2.砂の果実。 開幕。 4
砂漠の真っ只中に唐突に存在しているウキハの内部に穏やかな笑い声が響いていた。ハルは心底愉快で、本当に笑っていた。
「何よ、元気そうじゃん。無事で何より。」
あはははは、とハルは笑った。彼女らしい明るい裏のない笑い声だ。からからりと笑う彼女の眼前では美しい翼を持った小人が宙に浮いていた。それは愛らしい笑みを浮かべて浮かんでいた。長い金髪が美しかった。ひらひらとした肩紐のワンピースを着ている。くりくりとした黄金色の瞳はとても大きく顔の半分を占めているような印象を与える。美しい白い翼の人は、くすくす笑いながらハルに告げた。
「あなたのお陰です。ハル。ありがとうございました。私はもう自由に成れないと諦めていました。」
「つか、いわゆる、堕天使だよね?君は。」
口を挟む天為にその小人は言った。
「天為くんは口を挟まないで下さい。私が何であるのか詮索しないでください。ワタシはただ見届けに来たのです。私を助けた人間が何をしているのか、どんな生き物なのかを。
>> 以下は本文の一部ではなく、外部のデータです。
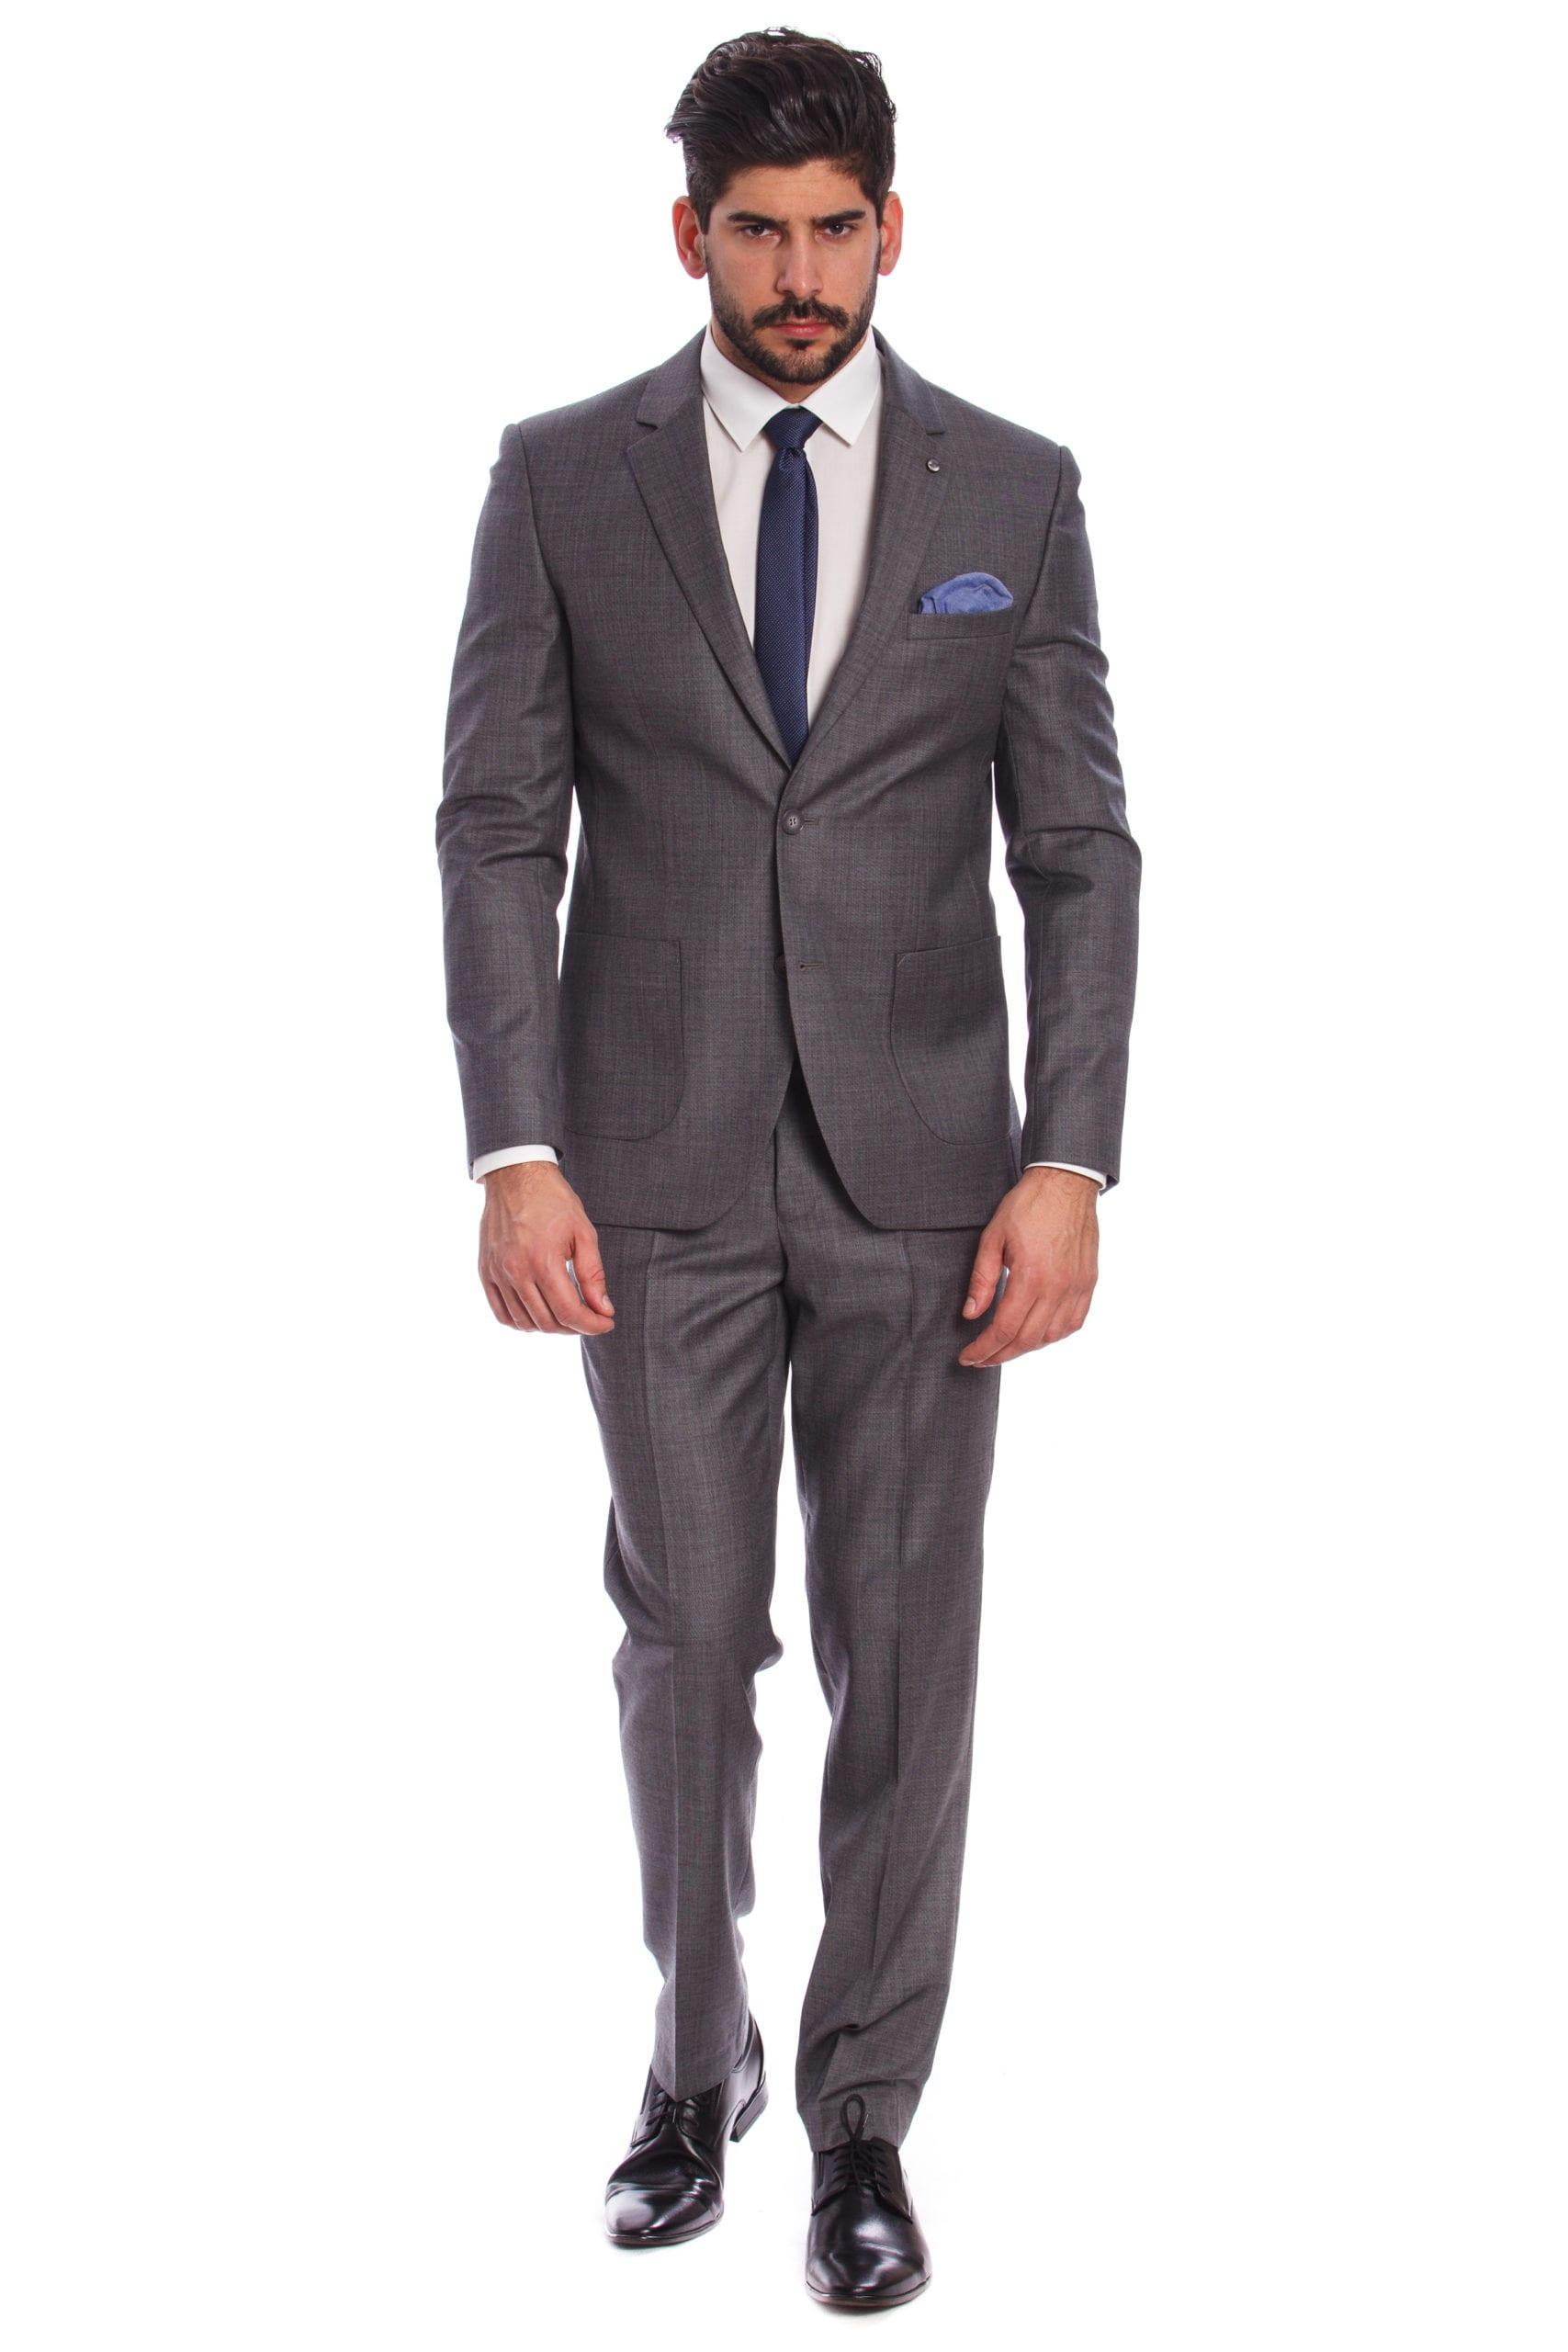 9cb1cc1480 Bergamo Világosszürke Slim Fit Gyapjú Öltöny - Elite Fashion Öltönyház

」
話し方は丁寧だが、見え隠れする“上から”がハルには気にかかった。
「えっと、何であたしだけ呼び捨てなのよ。」
羽を持つ小人は、満面の笑みで答える。
「私達、天使は人間の上位に位する存在です。下位の存在に話しかける時はくん付けが基本です。でも、あなたは例外です、ハル。あなたは私を助けてくれたから、私は私と同格と認めます。だから、くんはつけないのです。」
「天使って言っちゃってるじゃんか。」
でも、天為は何故かすんなりと納得して、うっかり口をはさんだ。
「てか、初めて見たよ。ウエカラが気に入らないけど、面白いな。」
「口を挟まないで、天為くん。そもそも、天為という名前が不愉快です。生意気です。」
わぉ。生意気はどっちだよ、と思わないでもなかったが、一応、命の恩人だし口は閉じておいた。横目でみながら、ハルが質問する。
「ま、良いけど、名前教えてよ。」
「セツナ、と言います。」
ハルの問いかけには素直に答える。
「じゃあ、セツナ、よろしく。」
ハルはからりと返す。セツナも満面の笑みを送る。
「こちらこそ。この穴蔵を無事に脱出するまでは、行動を共にします。」
まぁ、気が合うのなら何より……と、人事のように天為は二人を眺める。二人は仲のよい姉妹にも見えた。
「で、どうする?」
高坂が唐突に問いかける。天為もハルもそれでようやく本来の目的を思い出した。そうだ。このウキハの底の底まで降りて、水源を封じるのだ。クレイフに流れ込む地下水を止めるのだ。
「じゃ、行こうか。」
天為は軽く言う。歩き出す。いつも通り。高坂は知っていた。彼の言い方と事態の深刻さとは何の関連性も無いことを。高坂は軽く荷物を背負い直し、天為の後に続く。
「そうだな。」
そうだ。いつだって、そう、進むしかないのだ。